(TASK INSTRUCTIONS) Among the entries below, only the lines starting at the one with "عکس پروفایل بورس" and ending at the one with "Mexico 5 pesos", both included, are to be printed exactly.

(RECORDS PROVIDED)
--

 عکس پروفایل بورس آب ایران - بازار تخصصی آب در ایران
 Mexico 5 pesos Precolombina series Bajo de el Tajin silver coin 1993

--

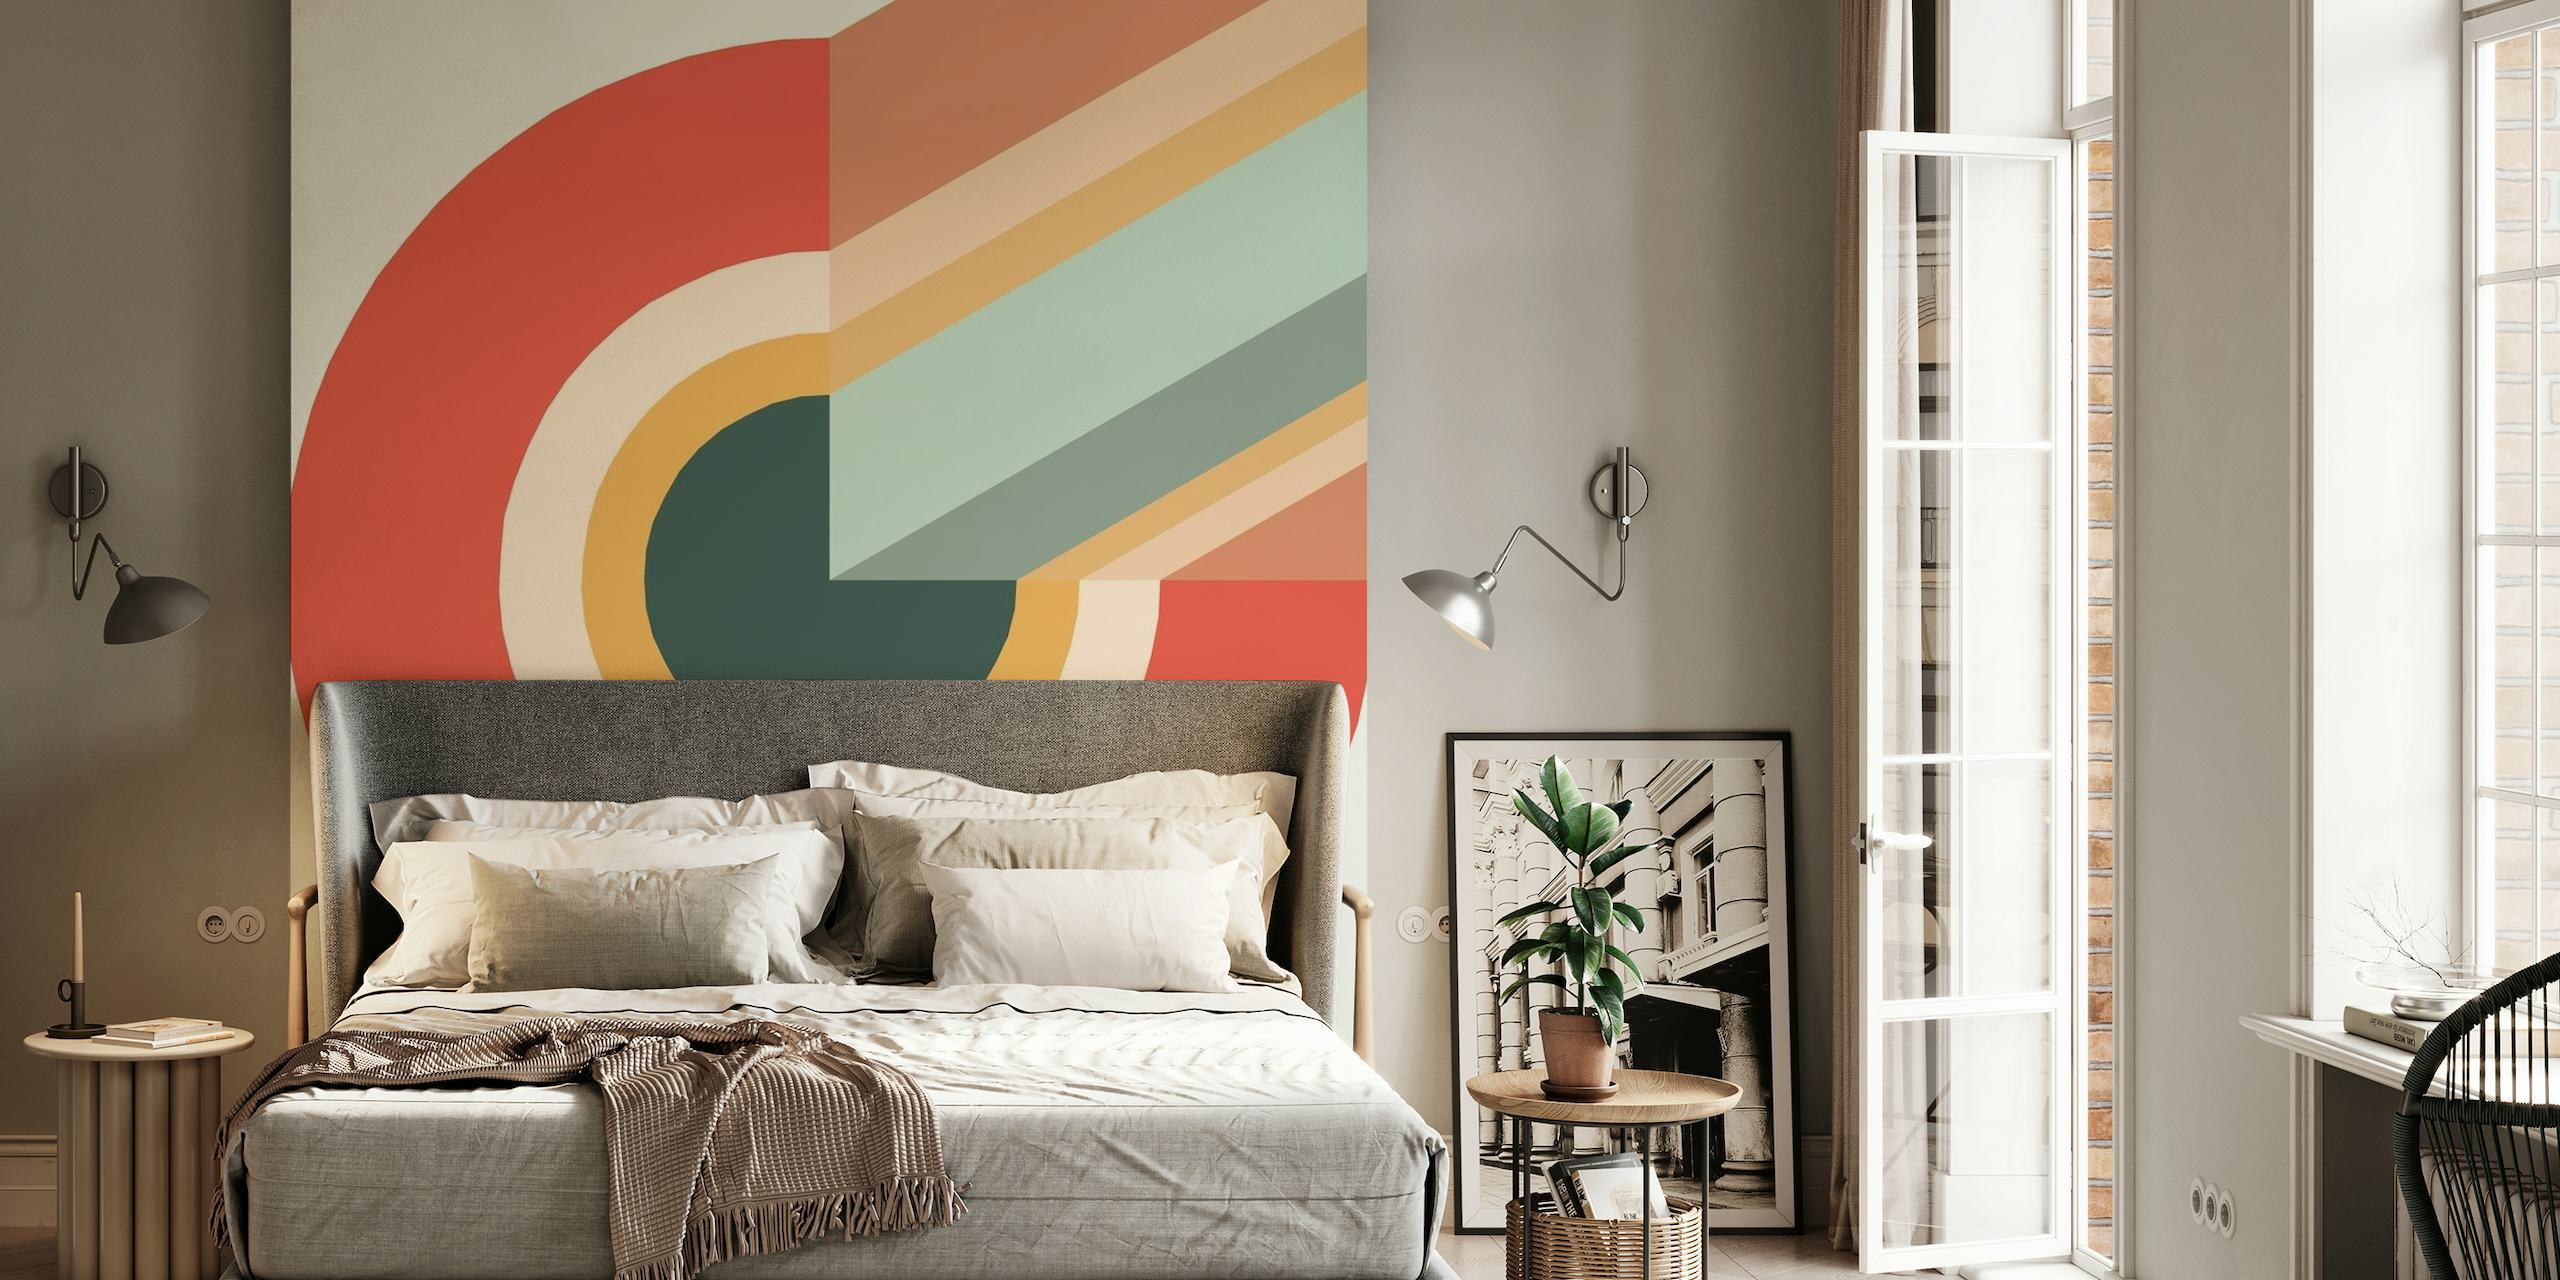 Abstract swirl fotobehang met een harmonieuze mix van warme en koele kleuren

--

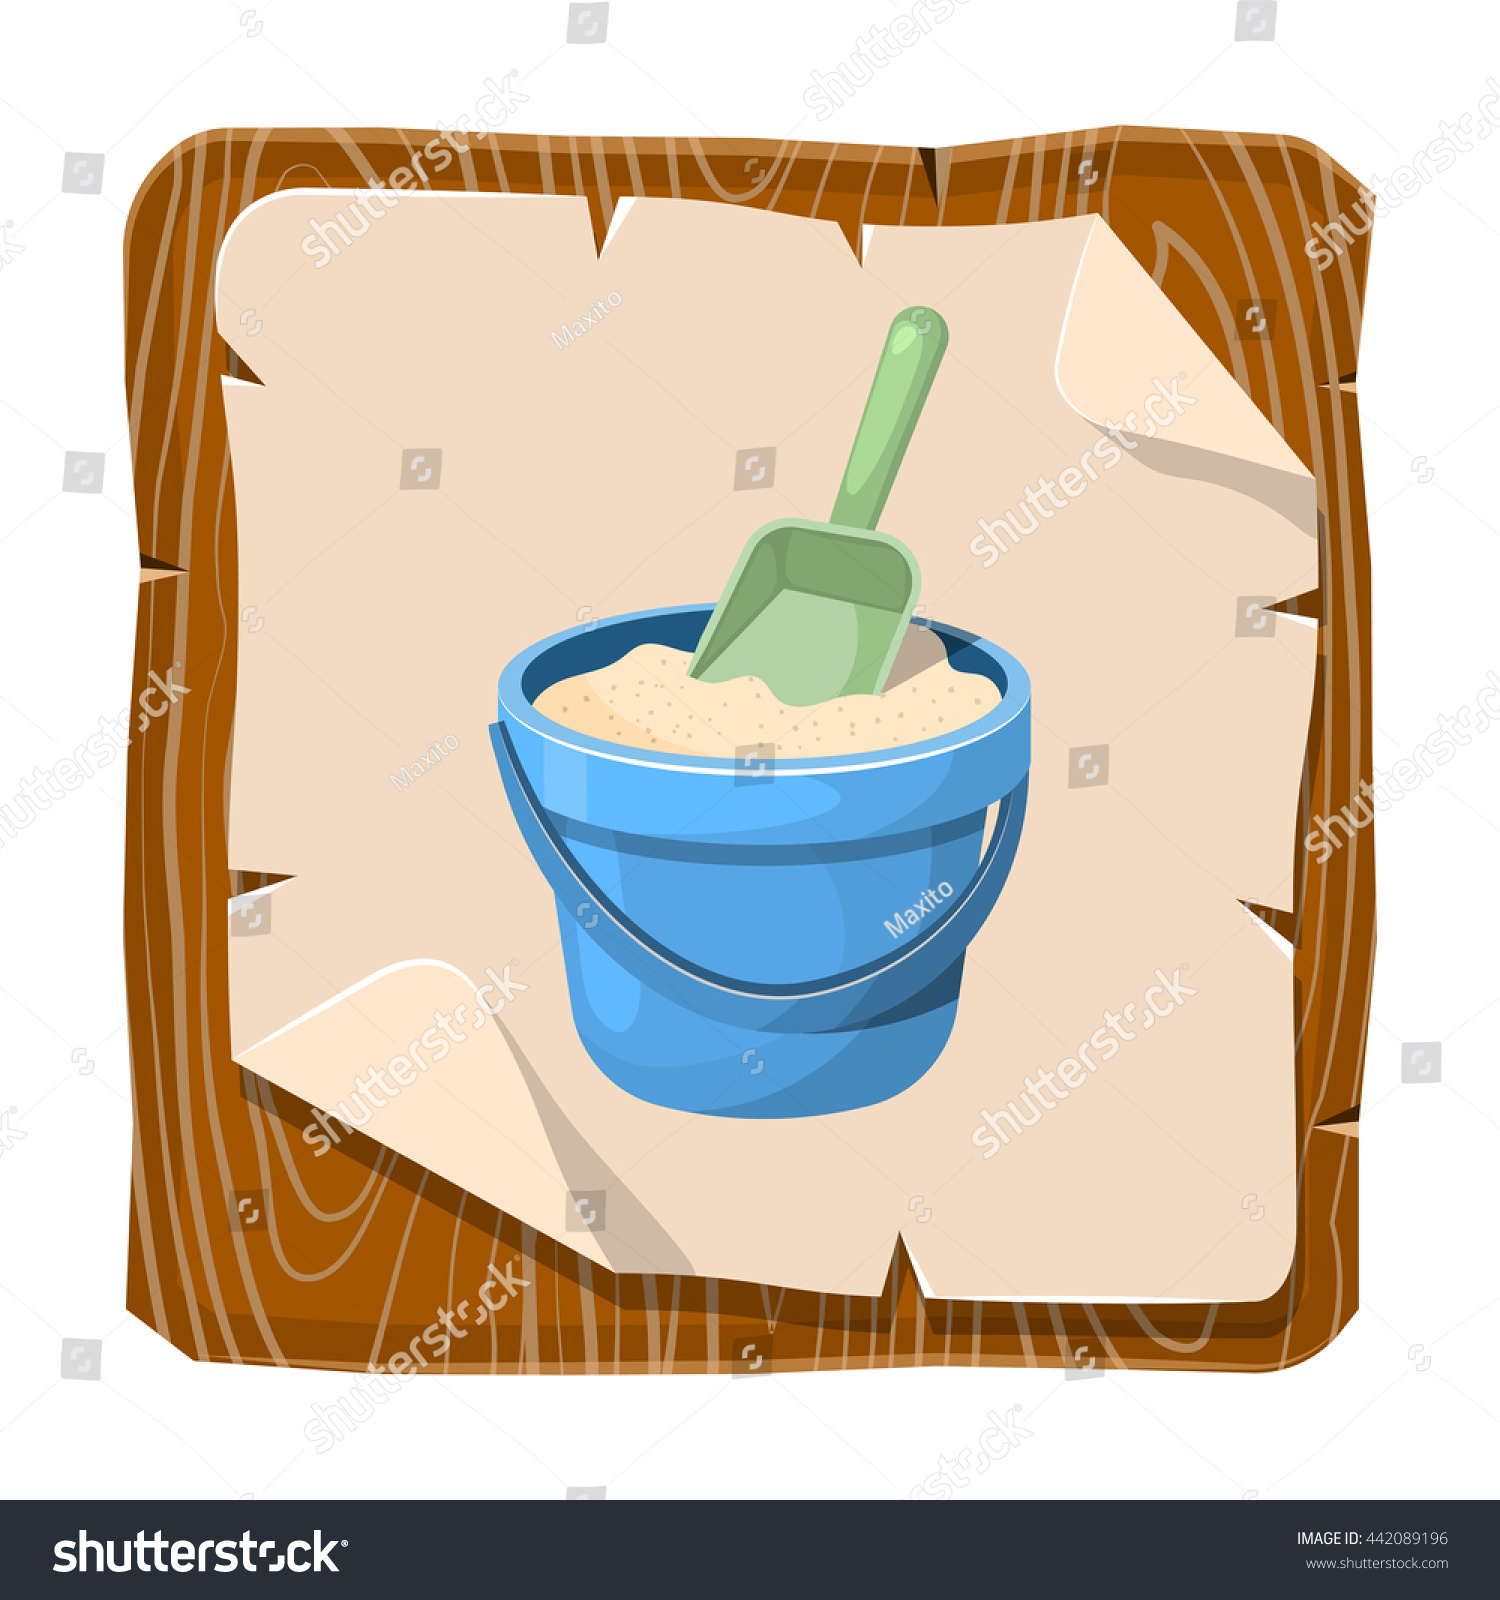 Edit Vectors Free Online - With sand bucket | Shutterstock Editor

--

(WRITTEN SOLUTION)
 عکس پروفایل بورس آب ایران - بازار تخصصی آب در ایران
 Mexico 5 pesos Precolombina series Bajo de el Tajin silver coin 1993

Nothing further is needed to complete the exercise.